We often talk about “inspirational leaders". In all examples of notable leaders, we see the same all-round concept: their business is an integral part of their community. They always try to better their surroundings. Any wise leader understands that their business will have more financial and material success if the consumers are in a position to understand and afford it. Those consumers need to be both educated and cultural which in turn will improve their employment and subsequently, financial status. By supporting the arts, the businesses create a special connection with the consumers, bond not only based on the understanding of the popular tastes, but also on a shared emotional experience.

The big companies have been involved with the arts for many years now. Rolex does not support only tennis at Wimbledon, but some of the most important music institutions in Europe such as La Scala and also many schools amongst which the School for Decorative Arts in Geneva. Mercedes supports the Canadian Opera Company. The fin tech XTX Markets helps the London Symphony Orchestra. Ziff brothers had given 50 million dollars to Metropolitan Opera, Energy Australia is one of the many sponsors of Sydney Opera House. These are just a few examples of the sponsors lists of those musical bodies and some of the big and rich companies. I can only dream what the world would be like if any business - big and not so big - got involved with an art or an educational project as part of their “giving back to the society” strategy.

Many industries claim they are changing their course from “profit only” and open out to their immediate communities. In that case, what could be more beneficial for all than a more cultured and educated town, country, or dare I say, world? In times in which governments mercilessly cut money for arts at schools, every penny counts. A local business could support a small concert, a local dance production, a small play. A bigger business could provide for art projects at schools.
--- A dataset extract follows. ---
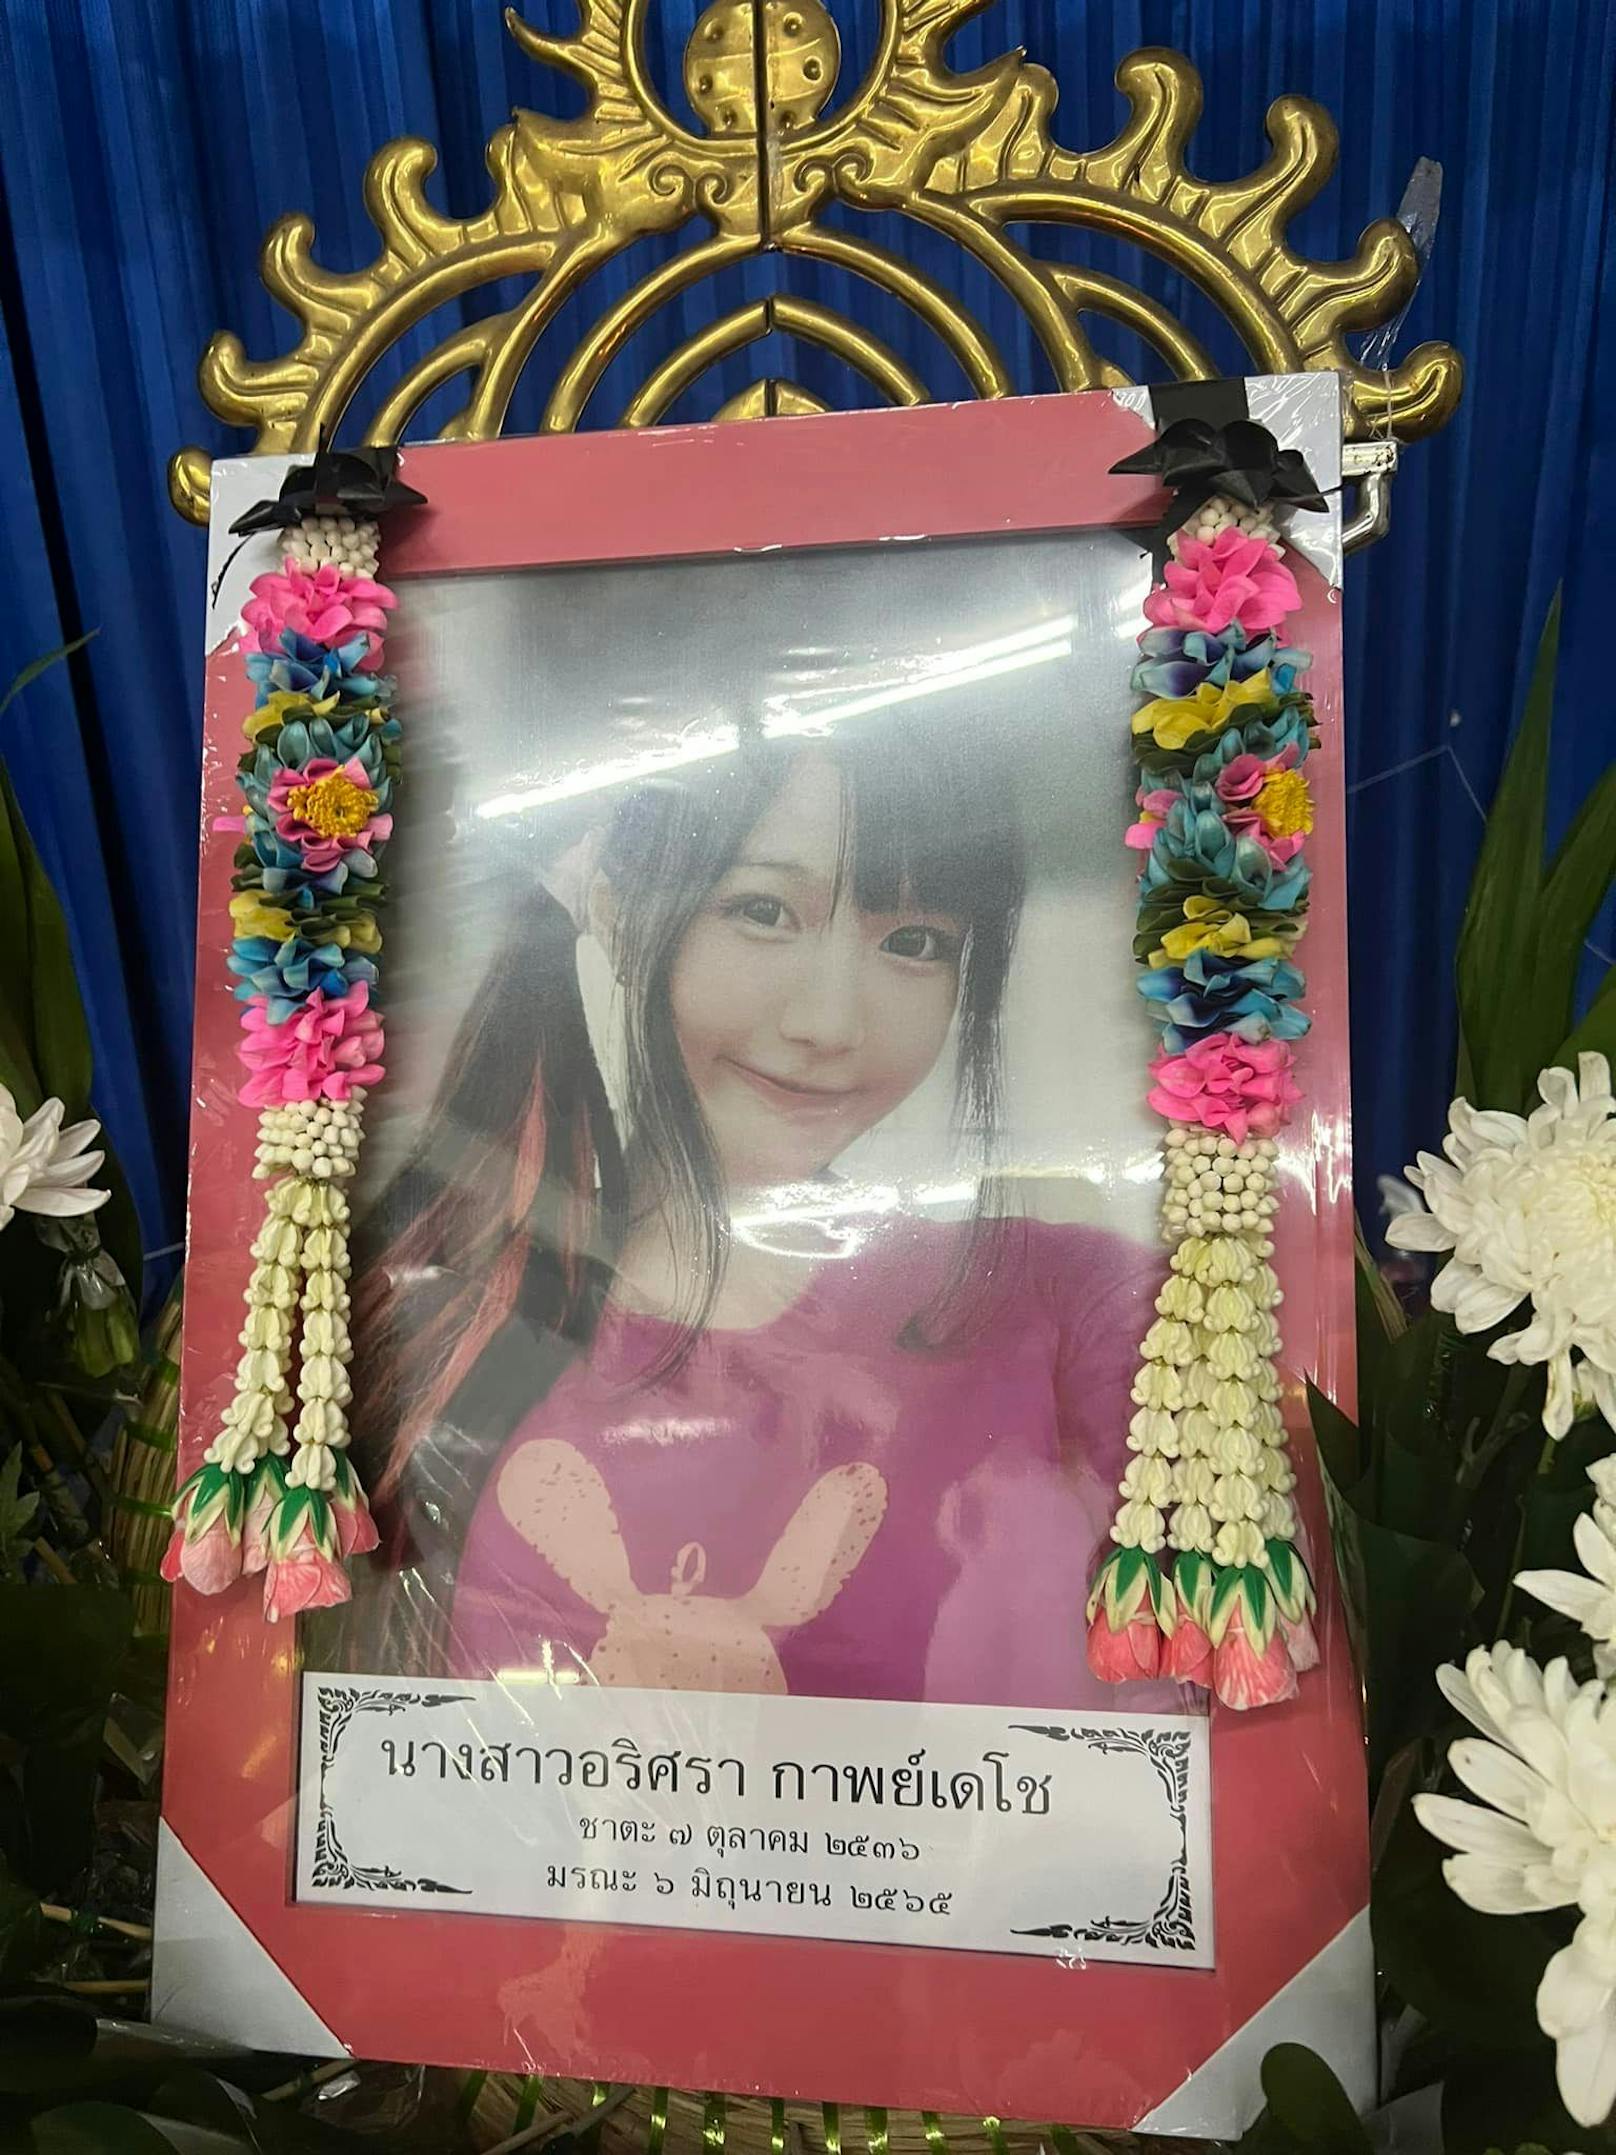 Arisara Karbdecho wurde nur 27 Jahre alt. Die thailändische Influencerin starb nach drei Monaten im Koma nachdem sie beinahe an Kebab-Fleisch erstickt war.

A corporation could sponsor a big art body. Many already do, but much more is needed.

Would that be justified? Sure it will!

Just think about it for a second: What was your favourite song when you were a teenager? First dance? Wedding dance? Did you act in a school play? Have you ever been to see your top favourite artist perform? Favourite film? Painting?

There are hardly any events in life which can compare to a strong art experience. Those experiences build the foundations of what would become a curious, emotional and strong individual. They are instrumental in the formation of a character. This is the type of people your business needs. If you want to have a successful business, support the arts. It will pay you back and more.